08:24 So all sorts of interesting stuff.

08:26 And it's coming down the line, right?

08:28 Soon, actually.

08:29 So what it lets you do is imagine you have an arbitrary JSON document or an arbitrary Python

08:34 dictionary, really.

08:35 But it's super easy to think of like, well, somebody sends me a JSON request and I want

08:39 to treat it as if I know what's happening here.

08:42 It lets you actually specify the shape of those things, both the keys as well as the values and

08:51 potentially nested documents, right?

08:53 So you might have a JSON object that's got like some values.

08:56 One of those values might be a list of other JSON documents.

08:58 You can describe that with this type dict thing.

09:01 So the way it works kind of caught me off guard at first, but I think I like it.

09:05 So what you do instead of just saying, you know, there's a dictionary of like string comma

09:10 user, you actually create a class which derives from typed dict, okay?

09:15 Okay.

09:16 And then it has fields.

09:17 It looks a lot like data classes a little bit.

09:19 So you might have like a name colon stir and a year colon int in this thing that is not

09:25 actually the dictionary, but it is the type that validates the dictionary.

09:29 All right.

09:30 Oh, okay.

09:31 And then you can say it is one of those, right?

09:33 So I say the example they give is there's a movie.

09:35 So you say movie colon capital M movie is the name of the class.

09:38 And then it's just a dictionary, but the dictionary has the name, which is a string value and a

09:43 year, which is an integer value and so on.

09:45 And then you can actually validate it.

09:47 And the valid, the like static type checker, like mypy and so on.

09:51 Well, if you say movie of director, it'll say, no, no, no, you can't set this value into this

09:58 dictionary because it doesn't have a key called director.

10:00 Or if you try to set the year to the string 1982 when quotes, it'll say, no, no, then this

10:06 is a string at expected an integer.

10:08 But the errors come at the type checking time, right?

10:10 This is a type checking time.

10:12 Although, you know, it's totally reasonable that things like PyCharm and VS Code would add

10:17 edit time checking for this as well.

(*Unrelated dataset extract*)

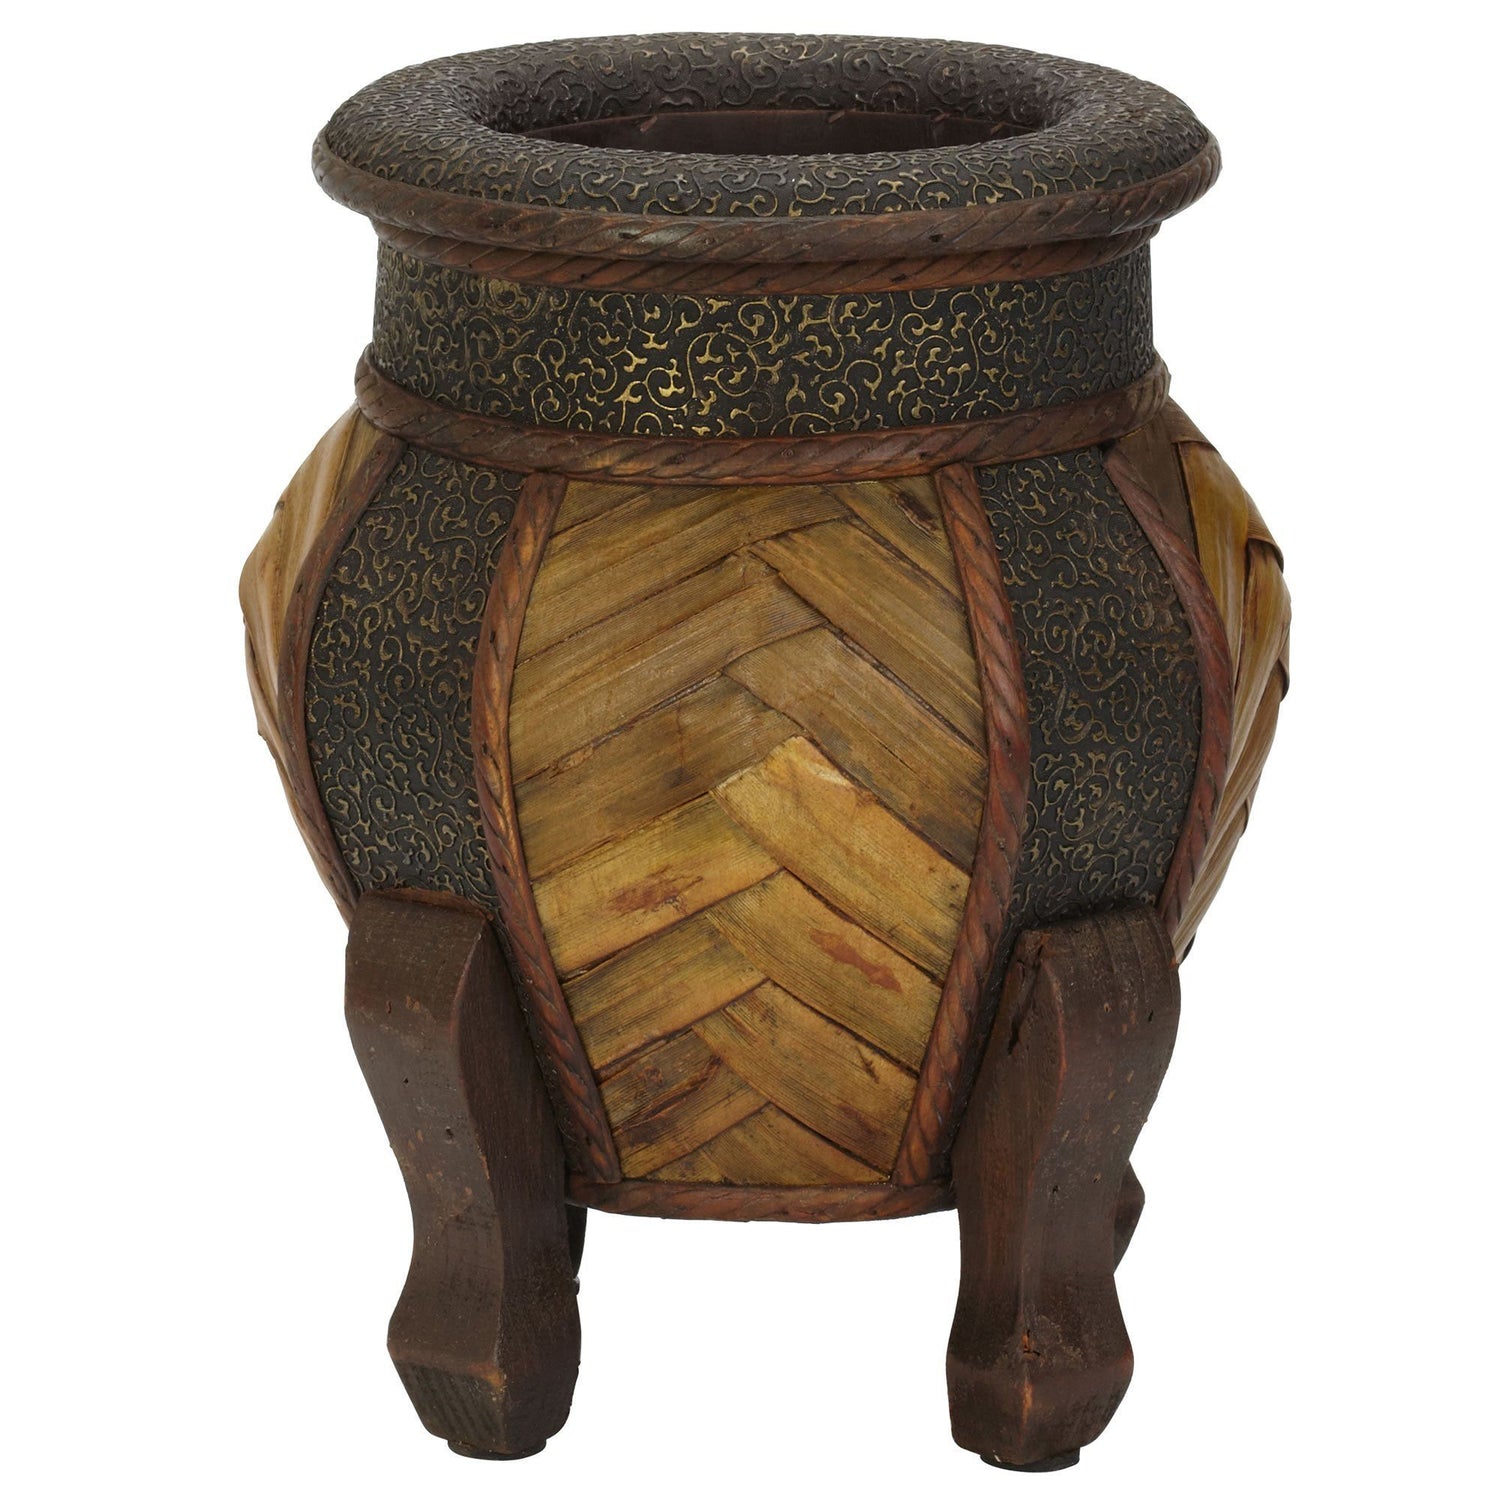 Decorative Rounded Wood Planters (Set of 2)

10:19 Cause they do for all the other type stuff.

10:20 Yeah, but it's not a runtime.

10:21 It's not a runtime thing.

10:22 Yeah.

10:23 All the typing stuff.

10:24 Okay.

10:24 And this is definitely that way.

10:26 So you're not like re-implementing the dictionary.

10:28 You're not creating a dictionary type that is like different.

10:32 You create a type, which then talks about just a plain dictionary.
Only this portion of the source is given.